Machine learning for streaming data: Practical insights

Heitor Murilo Gomes (Télécom ParisTech), Albert Bifet (Télécom ParisTech)

2:05pm–2:45pm Thursday, September 26, 2019

Location: 3B - Expo Hall

Data Science, Machine Learning, & AI, Expo Hall

Secondary topics: Streaming and IoT, Telecom, Temporal data and time-series analytics

Who is this presentation for?

Machine learning engineers, data scientists, and software developers interested in applying machine learning for continuous flows of data

Level

Intermediate

Description

In many domains, data is generated at a fast pace. A clear example is the Internet of Things (IoT) applications, where connected sensors yield large amount of data in short periods. To build predictive models from this data, you need to either settle for traditional offline learning or attempt to learn from the data incrementally. A significant setback with the offline learning approach is that it’s slow to react to changes in the domain, and these changes can have a catastrophic impact on the model predictive performance, since the patterns in which the model was trained on are no longer valid.

An online approach where the model is trained incrementally can potentially fix this; however, the untold story is that the existing challenges for offline learning are still present (and are even maximized) when processing the data online. These challenges include, but are not limited to, raw data preprocessing, efficient incremental updates to models, algorithms to detect changes and react to them, and dealing with lots of unlabeled and delayed-labeled data.

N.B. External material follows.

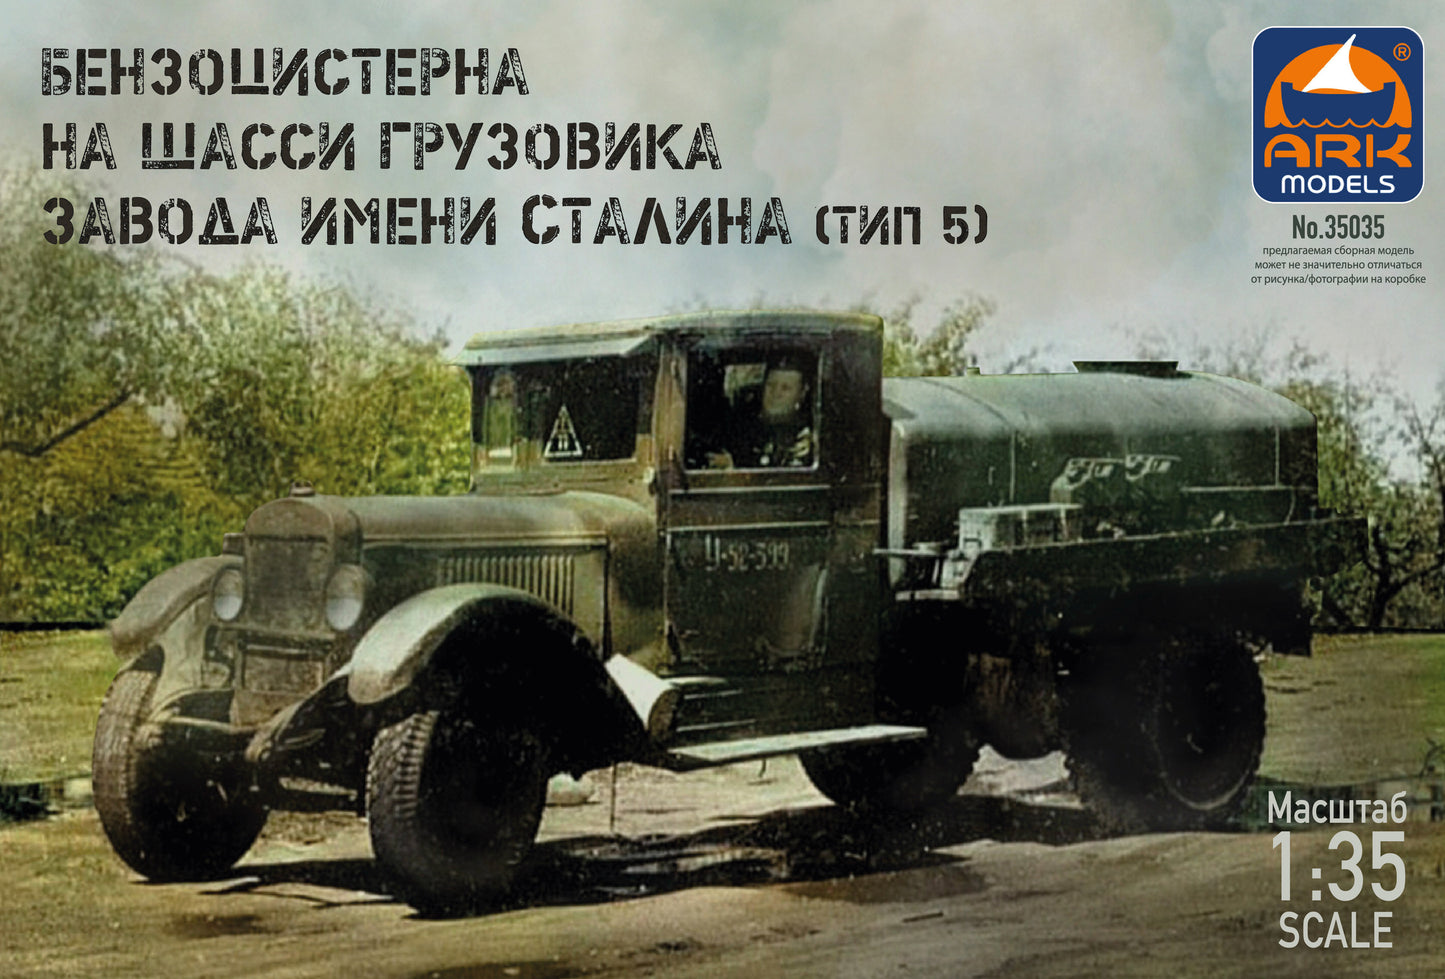 ARK-35035 - советский топливозаправщик БЗ-39 периода Второй мировой войны

Heitor Murilo Gomes and Albert Bifet dive into how a machine learning pipeline for streaming data can be developed in the streamDM framework. They’re not presenting on how they applied a specific algorithm to proprietary data or giving a lecture on theoretical problems related to machine learning for data streams. You’ll learn how to apply streamDM to your data streams and expand the framework to accommodate your needs.

Prerequisite knowledge

An intermediary understanding of machine learning for batch data

What you'll learn

Discover the main challenges when applying ML techniques to data streams, how to deploy an ML pipeline for data streams in streamDM, and preprocessing methods, as well as supervised and unsupervised learning algorithms for data streams

Heitor Murilo Gomes

Télécom ParisTech

Heitor Murilo Gomes is a researcher at Télécom ParisTech focusing on machine learning—particularly, evolving data streams, concept drift, ensemble methods, and big data streams. He coleads the streamDM open data stream mining project.

Website

Albert Bifet

Télécom ParisTech

Albert Bifet is a professor and head of the Data, Intelligence, and Graphs (DIG) Group at Télécom ParisTech and a scientific collaborator at École Polytechnique. A big data scientist with 10+ years of international experience in research, Albert has led new open source software projects for business analytics, data mining, and machine learning at Huawei, Yahoo, the University of Waikato, and UPC. At Yahoo Labs, he cofounded Apache scalable advanced massive online analysis (SAMOA), a distributed streaming machine learning framework that contains a programing abstraction for distributed streaming ML algorithms. At the WEKA Machine Learning Group, he co-led massive online analysis (MOA), the most popular open source framework for data stream mining with more than 20,000 downloads each year. Albert is the author of Adaptive Stream Mining: Pattern Learning and Mining from Evolving Data Streams and the editor of the Big Data Mining special issue of SIGKDD Explorations. He was cochair of the industrial track at ECML PKDD, BigMine, and the data streams track at ACM SAC. He holds a PhD from BarcelonaTech.